Technical walkthrough
All the below logic can be found in the blend()
function from blendsql/blendsql.py
.
Example
We can take the following query as an example.
--- 'Show me dividends from tech companies that manufacture cell phones'
SELECT "Run Date", Account, Action, ROUND("Amount ($)", 2) AS 'Total Dividend Payout ($$)', Name
FROM account_history
LEFT JOIN constituents ON account_history.Symbol = constituents.Symbol
WHERE constituents.Sector = 'Information Technology'
AND {{
LLM(
'does this company manufacture cell phones?',
'constituents::Name',
)
}} = 1
AND lower(account_history.Action) like "%dividend%"

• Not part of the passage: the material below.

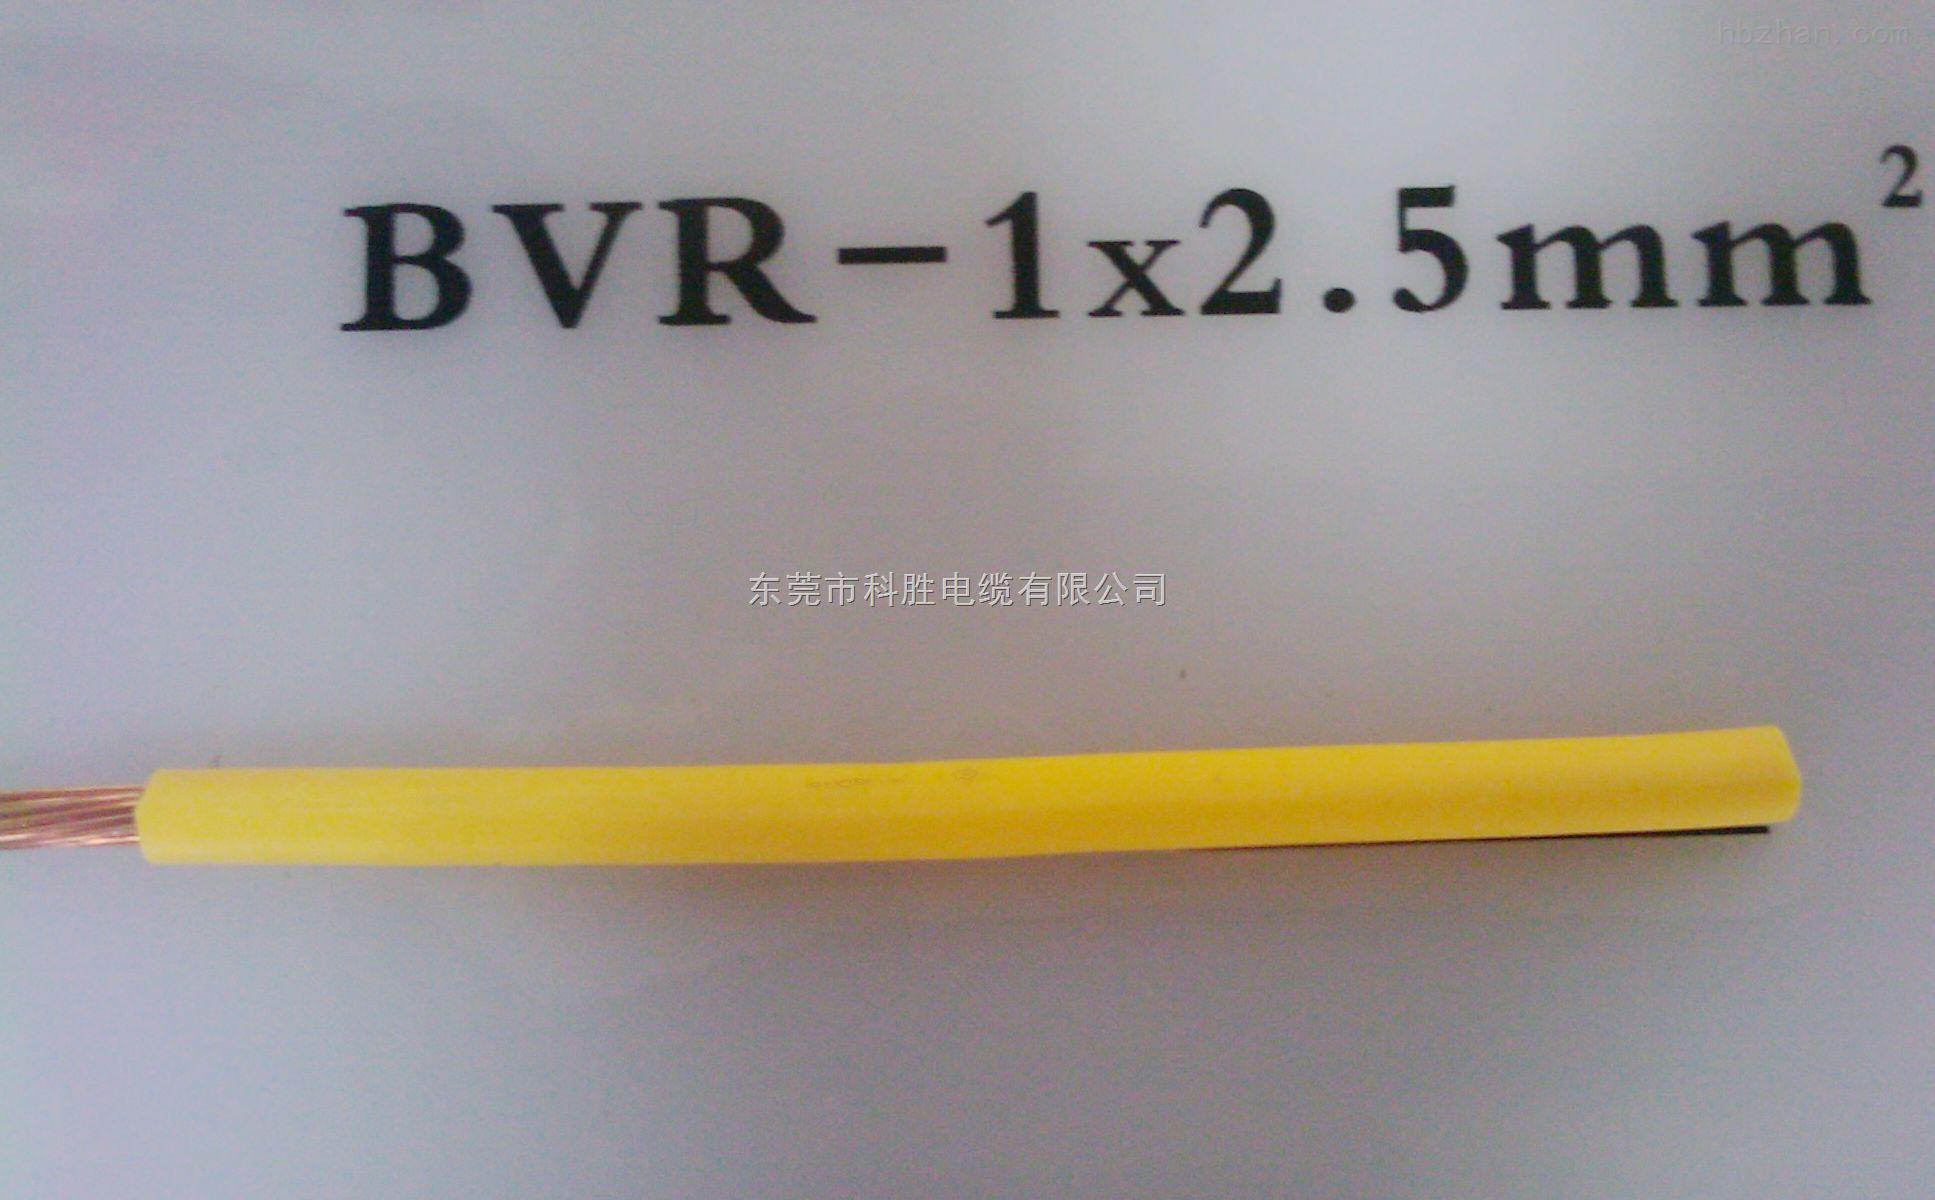 龙胜t8led直管接线图

1) Generate a Session UUID
This uuid allows us to create new temporary tables containing the output of our BlendSQL functions rather than overwriting the original, underlying SQL tables.
import uuid
session_uuid = str(uuid.uuid4())[:5]
2) Identify All Subqueries
Here, we define subqueries as any select statement from a single table. These may or may not have their own SELECT
clause.
In our example, we only have a single query.
3) For Each Table, Generate Select Statements
Iterating through our subqueries, we now need to write each table reference as its own SELECT
statement.
To do this, we iterate through each table and get the following queries.
Notice how in the account_history
query, we change the specific columns to the *
, so we get everything.
SELECT * FROM account_history
WHERE lower(account_history.Action) like "%dividend%"
SELECT * FROM constituents
WHERE constituents.Sector = 'Information Technology'
AND {{
LLM(
'does this company manufacture cell phones?',
'constituents::Name',
)
}} = 1
4) Abstract Away Selects
In our constituents
subquery, we have an expensive LLM operation.
In order to make sure we pass minimal required data to our BlendSQL ingredients while still honoring the SQL logic, we abstract away external functions to True
to calculate the theoretical upper bound of data that might get returned.
-- Abstracted query
SELECT * FROM constituents
WHERE constituents.Sector = 'Information Technology'
AND TRUE
We execute each of these queries and assign them to new temporary tables, f"{session_uuid}_{tablename}_{subquery_idx}"
.
4) Execute BlendSQL Ingredients on our New Tables
Now we can execute some external functions.
For example, if we have a session_id of '1234':
SELECT Symbol FROM "1234_constituents_0"
WHERE sector = 'Information Technology'
AND {{
LLM(
'does this company manufacture cell phones?',
'constituents::Name'
)
}} = 1
The table "1234_constituents_0" now only has those entries where sector = 'Information Technology'
. This minimizes the data that the {{LLM()}}
call actually needs to process.
Once we've executed our functions, we now have a table with a new column, 'does this company manufacture cell phones?'
.
We do a left join with the original constituents
table to create the new session table "1234_constituents".
Then, we can move to the next subquery. In this case, there is no BlendSQL ingredient, so we're done with our processing.
5) Execute our Final SQL Query
At the end of our processing, we have the underlying SQL tables and query in a state that we can execute it like any other SQLite script.
SELECT "Run Date", Account, Action, ROUND("Amount ($)", 2) AS 'Total Dividend Payout ($$)', Name
FROM account_history
LEFT JOIN '1c0b_constituents' ON account_history.Symbol = '1c0b_constituents'.Symbol
WHERE '1c0b_constituents'.Sector = 'Information Technology'
AND {{
LLM(
'does this company manufacture cell phones?',
'constituents::Name',
)
}} = 1
AND lower(account_history.Action) like "%dividend%"
Notice how account_history
was not modified by a session_id, but constituents
was. This is because the logic of filtering by LIKE %dividend%
can just be done using raw SQL on the original table, we don't need any complicated BlendSQL processing.